1. The defendant intentionally assaulted the complainant 2. The circumstances accompanying the assault were indecent 3. The defendant intended the conduct that a reasonable person would find indecent.
Defence to Section 134 - Sexual Conduct with a Young Person
If the defendant can prove that at the time of the sexual activity: 1) They had take reasonable steps to ascertain that the young person was at least 16 AND 2) The believed on reasonable grounds that the young person was at least 16, AND 3) the young person consented.
Age ranges for Sexual Offences?
Child = Under 12yrs old (age and consent CANNOT be a defence) Young Person = 12 - 15yrs old (this can also include under 12's if age at the time of offending in uncertain) Adult = Over 15yrs old
Circumstances where allowing sexual activity DOES NOT amount to consent? (s128A)
1) Not protesting or offering physical resistance. 2) Allows the activity because of force applied to them or someone else, the threat of such force or fear of that force. 3) Is sleeping or unconscious. 4) So affected by alcohol or drugs that they cannot consent or refuse. 5) Is affected by intellectual, mental or physical condition or impairment of such a nature that they cannot consent or refuse. 6) Mistaken Identity. 7) Mistaken about the nature or quality of the act.
Two Subjective Tests for Consent (Objective Test is in R v Gutuama)
1) What was the complainant thinking at the time? The Crown must prove that the complainant was NOT consenting. 2) What was the defendant thinking at the time? If he believed she was consenting at the time, then the Objective Test must be applied. What would a reasonable person have believed if placed in the same position?
Penetration and how to prove it
s2(1A) "sexual connection" introduction to the slightest degree is enough to effect a connection. Proving Penetration may be established by - the complainant's evidence - medical examination, including physical injuries and DNA evidence - the defendant's admissions.
Explain the provisions relating to matters that do not constitute consent
Crimes Act 1961, Section 128A Circumstances in which a person allows sexual activity but it does not amount to consent: - force, threat or fear of violence - lack of protest or resistance - asleep or unconscious - affected by alcohol or drugs - intellectual, mental or physical impairment - mistaken as to identity - mistaken as to nature and quality of act
What are the two offences under s129?
(1) Attempted sexual violation (2) Assault with intent to commit sexual violation
s72(1), Crimes Act 1961 Every one who, having an intent to commit an offence, does or omits an act for the purpose of accomplishing his object, is guilty of an attempt to commit the offence intended, whether in the circumstances it was possible to commit the offence or not.
List three examples of circumstantial evidence from which an offender's intent may be inferred
- offender's actions and words before, during and after the event - surrounding circumstances - nature of the act itself
What is the principle difference between rape and unlawful sexual connection
"Rape" is a specific form of unlawful sexual connection that involves the penetrations of the complainant's genitalia by the offender's penis.

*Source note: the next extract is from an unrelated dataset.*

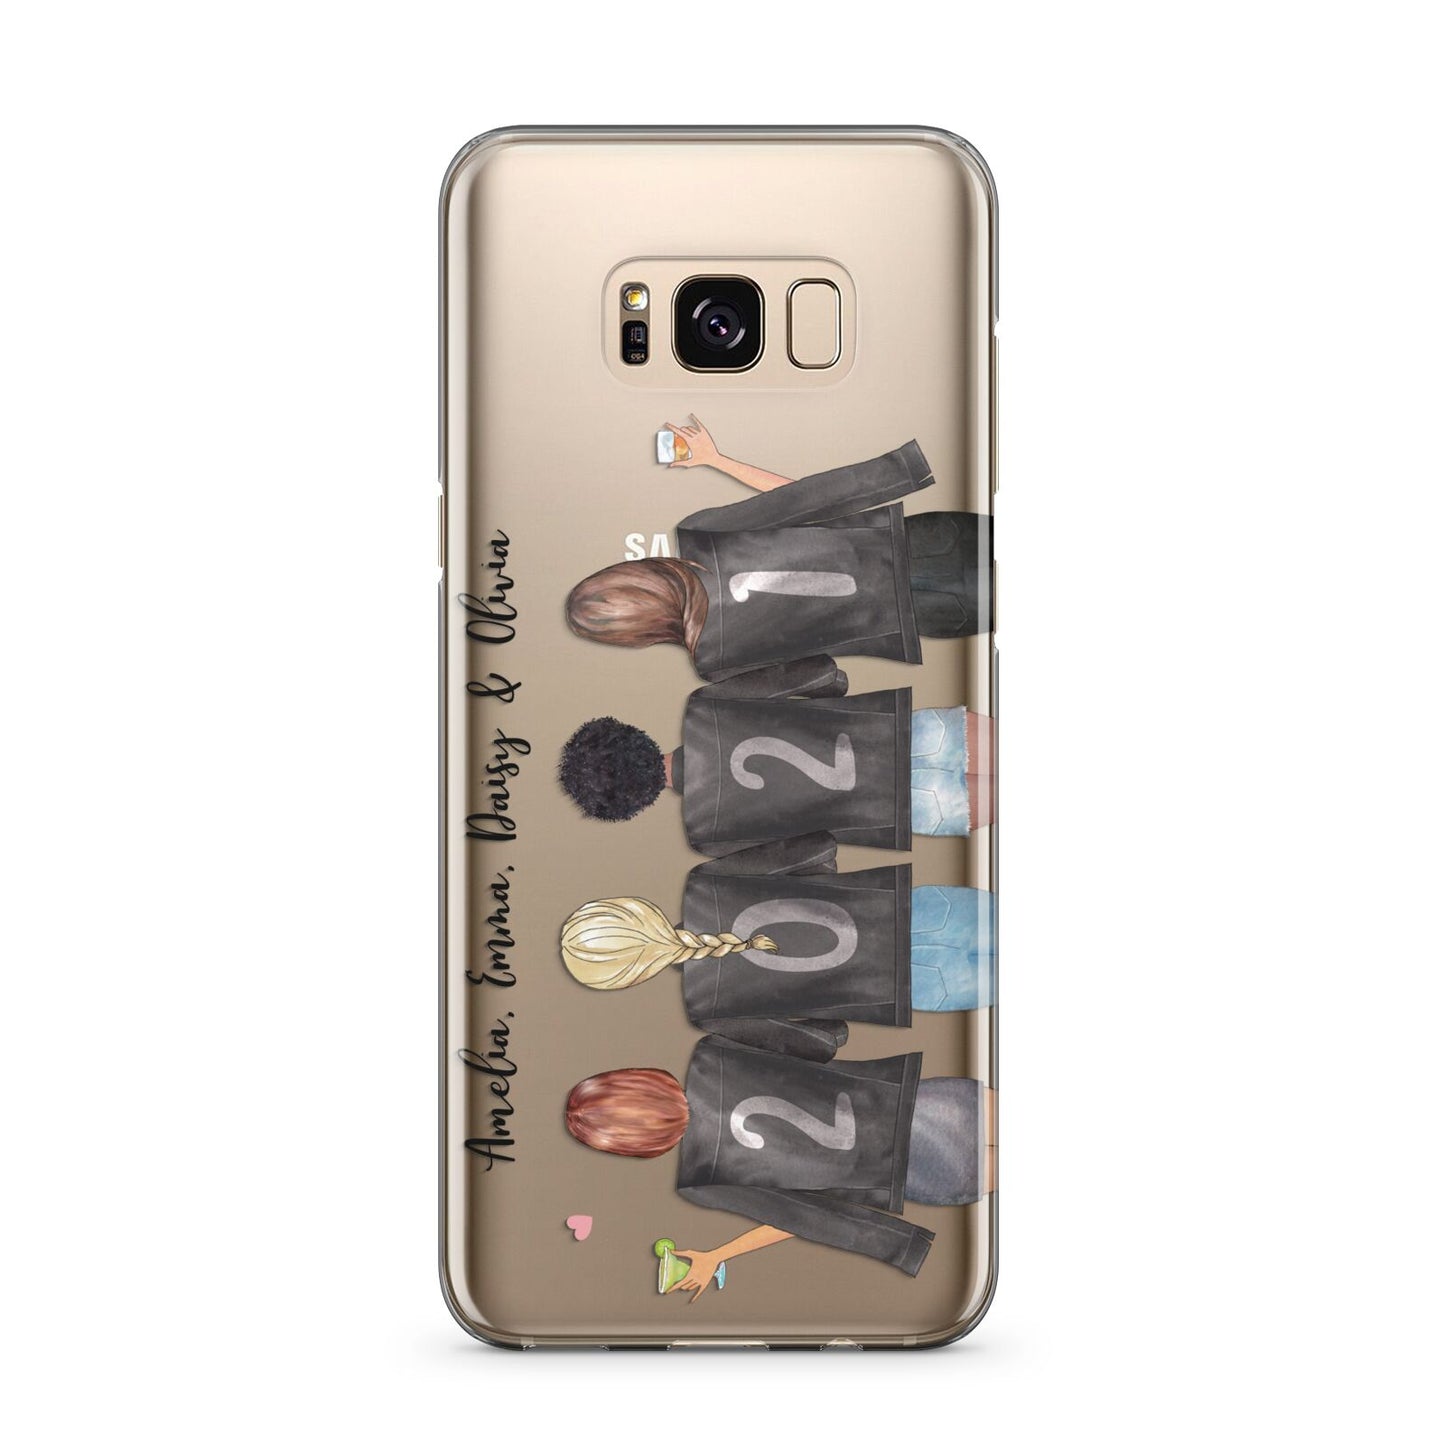 4 Best Friends with Names Samsung Galaxy S8 Plus Case

To be guilty of attempted sexual violation, what must the Crown prove
The crown must prove that at the time of the defendants conduct they; - Tried to sexually violate the complainant, and - The complainant did not consent tot he intended sexual connection, and - The defendant did not believe on reasonable grounds that the complainant was consenting.

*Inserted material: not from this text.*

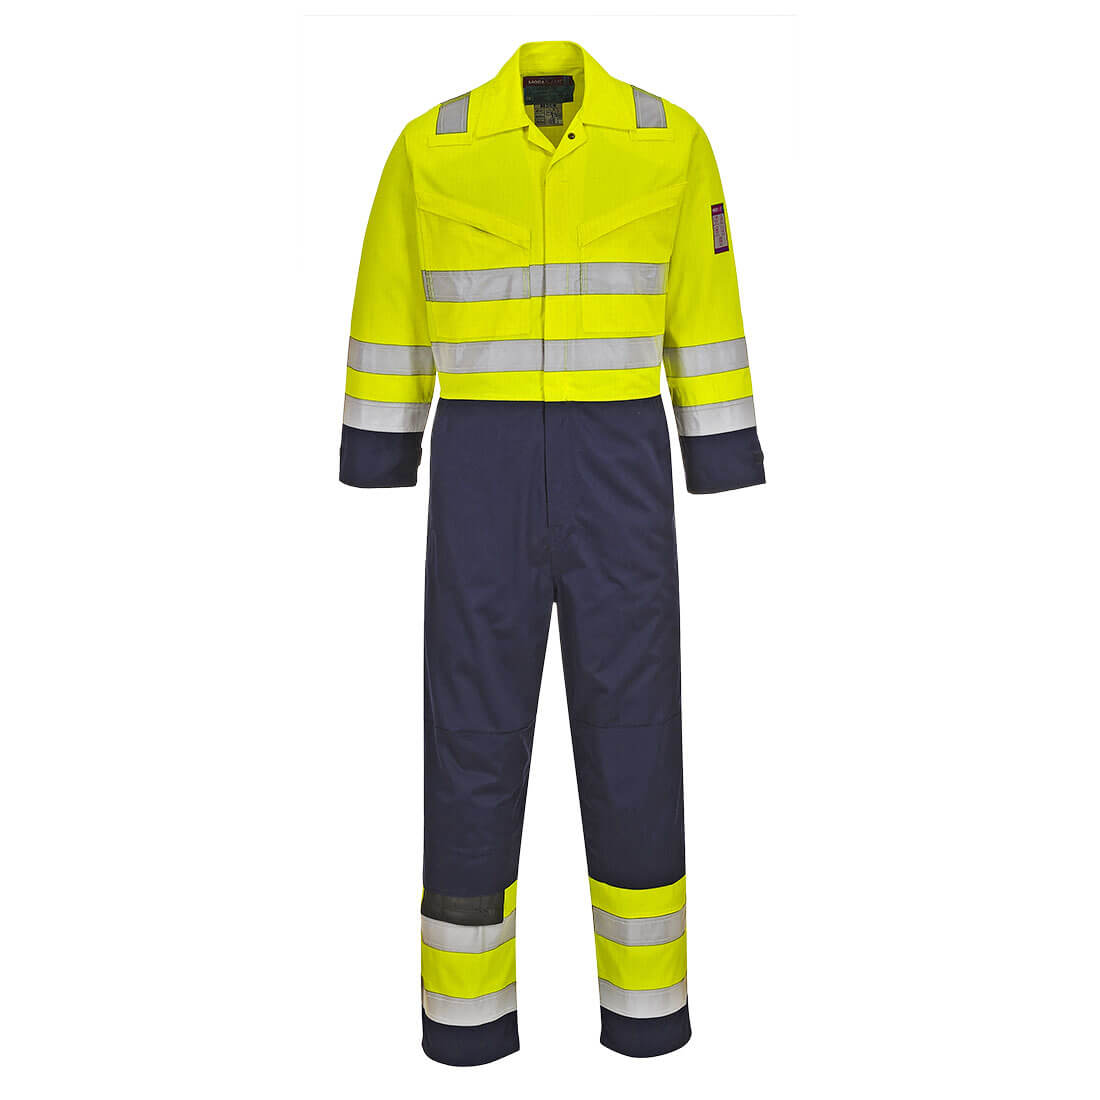 Image of Modaflame Flame Resistant Hi Vis Overall Yellow / Navy L 32"

In practice what is the best evidence that should be used as proof of a child's age
R V Forrest and Forrest The best evidence possible in the circumstances should be adduced by the prosecution in proof of the victim's age. In practice, this generally involves producing the victims birth certificate in conjunction with independent evidence that identifies the victim as the person named in the certificate. Ideally, the independent evidence will be that of a parent, but that will not always be possible.